Nucleic acid sequence Invariants method

Description

For nucleic acid sequence data on four species, computes Lake's and Cavender's phylogenetic invariants, which test alternative tree topologies. The program also tabulates the frequencies of occurrence of the different nucleotide patterns. Lake's invariants are the method which he calls "evolutionary parsimony".

Algorithm

This program reads in nucleotide sequences for four species and computes the phylogenetic invariants discovered by James Cavender (Cavender and Felsenstein, 1987) and James Lake (1987). Lake's method is also called by him "evolutionary parsimony". I prefer Cavender's more mathematically precise term "invariants", as the method bears somewhat more relationship to likelihood methods than to parsimony. The invariants are mathematical formulas (in the present case linear or quadratic) in the EXPECTED frequencies of site patterns which are zero for all trees of a given tree topology, irrespective of branch lengths. We can consider at a given site that if there are no ambiguities, we could have for four species the nucleotide patterns (considering the same site across all four species) AAAA, AAAC, AAAG, ... through TTTT, 256 patterns in all.

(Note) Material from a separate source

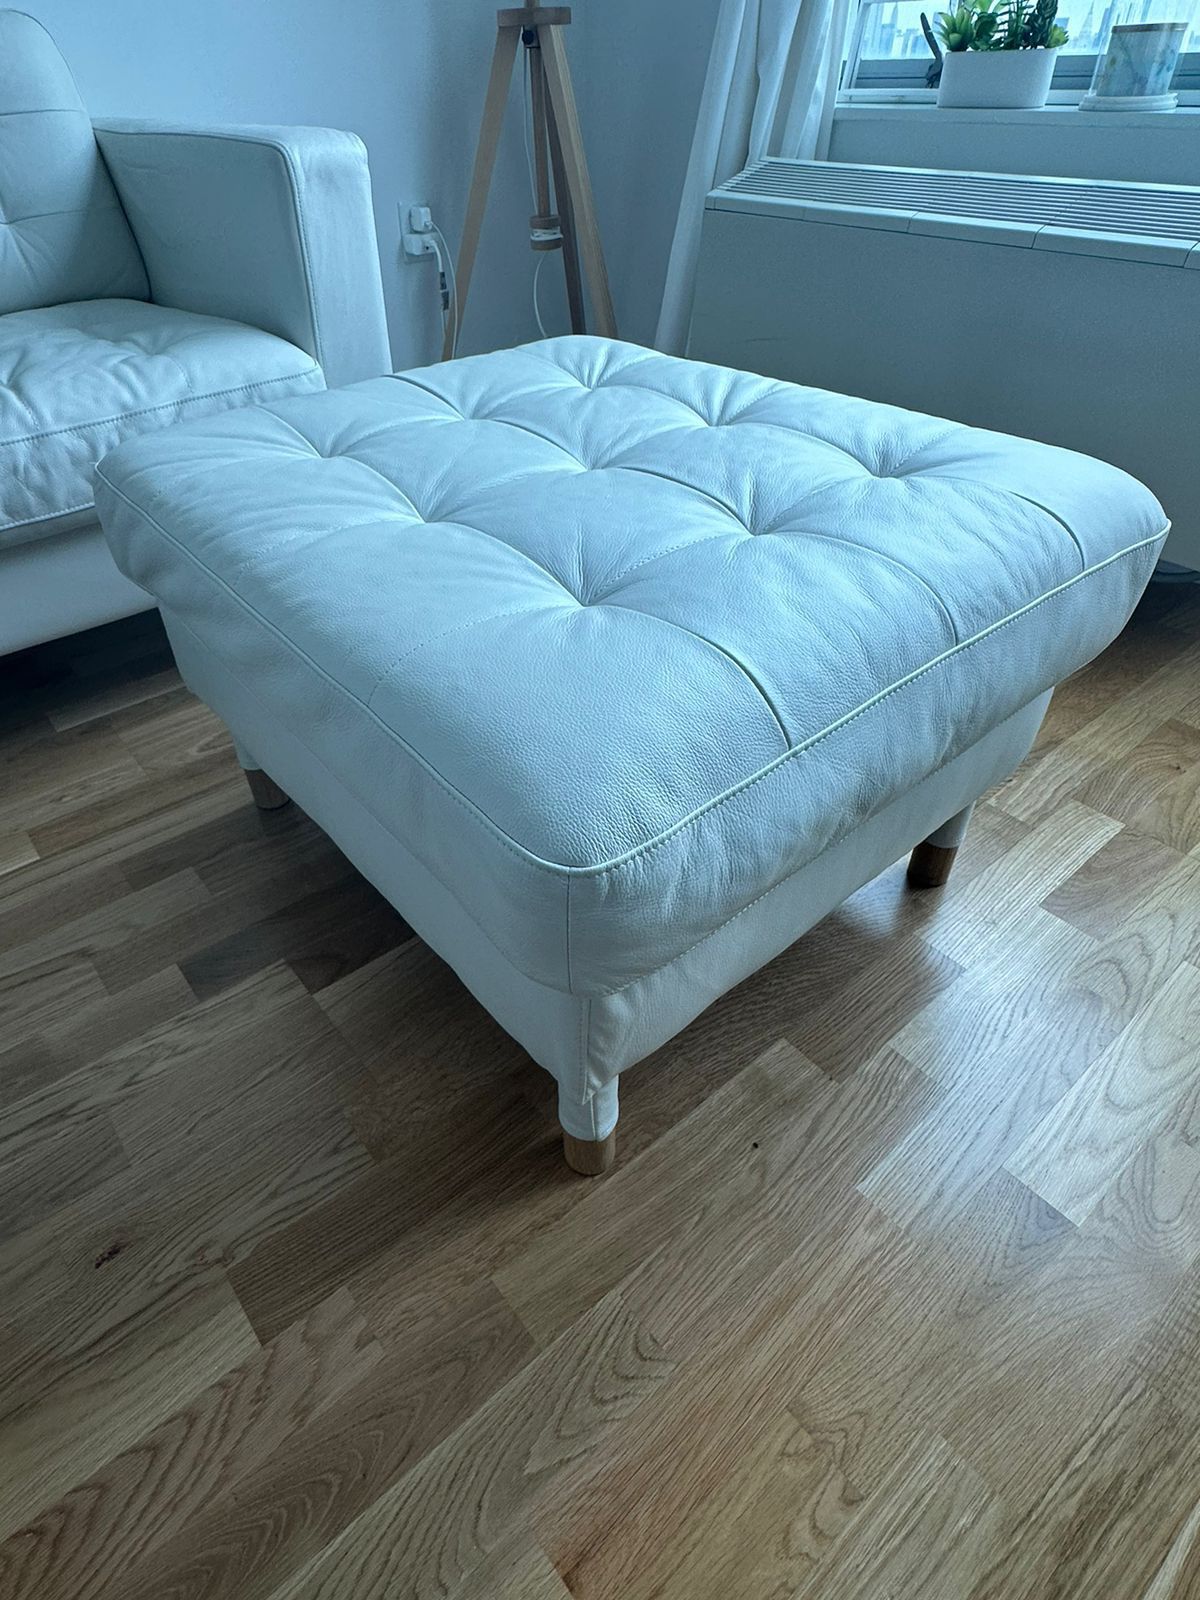 Ikea MORABO ottoman (Grann/Bomstad white/wood)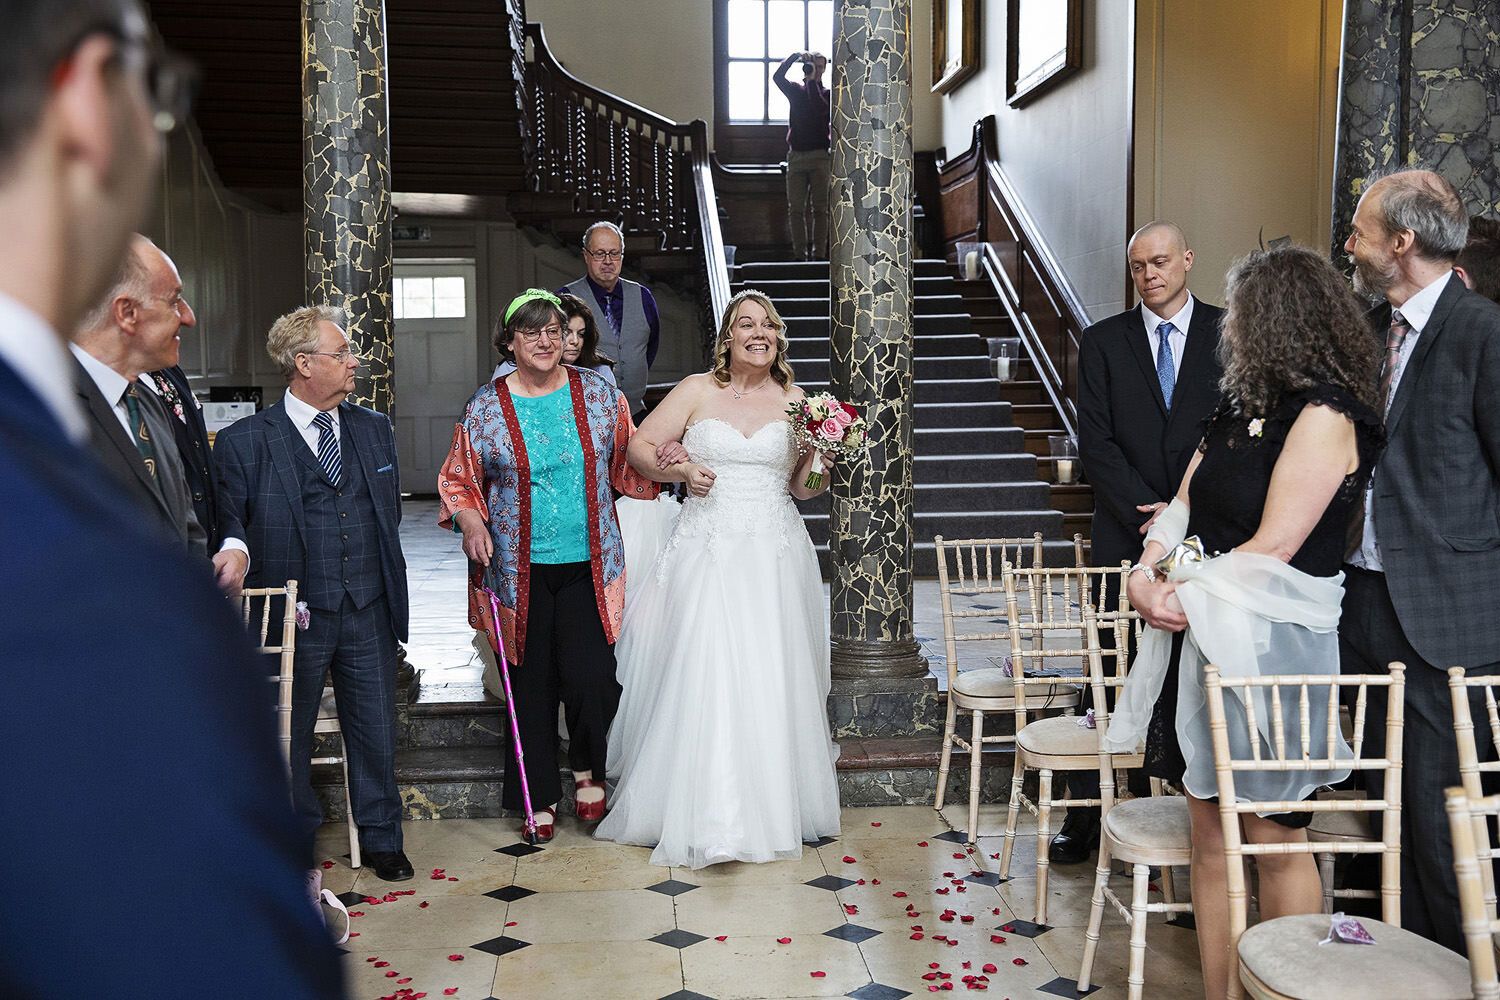 Chicheley Hall wedding photos (36).jpg

The invariants are formulas in the expected pattern frequencies, not the observed pattern frequencies. When they are computed using the observed pattern frequencies, we will usually find that they are not precisely zero even when the model is correct and we have the correct tree topology. Only as the number of nucleotides scored becomes infinite will the observed pattern frequencies approach their expectations; otherwise, we must do a statistical test of the invariants.

Some explanation of invariants will be found in the above papers, and also in my recent review article on statistical aspects of inferring phylogenies (Felsenstein, 1988b). Although invariants have some important advantages, their validity also depends on symmetry assumptions that may not be satisfied. In the discussion below suppose that the possible unrooted phylogenies are I: ((A,B),(C,D)), II: ((A,C),(B,D)), and III: ((A,D),(B,C)).

Lake's Invariants, Their Testing and Assumptions

Lake's invariants are fairly simple to describe: the patterns involved are only those in which there are two purines and two pyrimidines at a site. Thus a site with AACT would affect the invariants, but a site with AAGG would not. Let us use (as Lake does) the symbols 1, 2, 3, and 4, with the proviso that 1 and 2 are either both of the purines or both of the pyrimidines; 3 and 4 are the other two nucleotides. Thus 1 and 2 always differ by a transition; so do 3 and 4. Lake's invariants, expressed in terms of expected frequencies, are the three quantities:

(1)      P(1133) + P(1234) - P(1134) - P(1233), 

(2)      P(1313) + P(1324) - P(1314) - P(1323), 

(3)      P(1331) + P(1342) - P(1341) - P(1332), 

He showed that invariants (2) and (3) are zero under Topology I, (1) and (3) are zero under topology II, and (1) and (2) are zero under Topology III. If, for example, we see a site with pattern ACGC, we can start by setting 1=A. Then 2 must be G. We can then set 3=C (so that 4 is T). Thus its pattern type, making those substitutions, is 1323. P(1323) is the expected probability of the type of pattern which includes ACGC, TGAG, GTAT, etc.

Lake's invariants are easily tested with observed frequencies. For example, the first of them is a test of whether there are as many sites of types 1133 and 1234 as there are of types 1134 and 1233; this is easily tested with a chi-square test or, as in this program, with an exact binomial test. Note that with several invariants to test, we risk overestimating the significance of results if we simply accept the nominal 95% levels of significance (Li and Guoy, 1990).

Lake's invariants assume that each site is evolving independently, and that starting from any base a transversion is equally likely to end up at each of the two possible bases (thus, an A undergoing a transversion is equally likely to end up as a C or a T, and similarly for the other four bases from which one could start. Interestingly, Lake's results do not assume that rates of evolution are the same at all sites. The result that the total of 1133 and 1234 is expected to be the same as the total of 1134 and 1233 is unaffected by the fact that we may have aggregated the counts over classes of sites evolving at different rates.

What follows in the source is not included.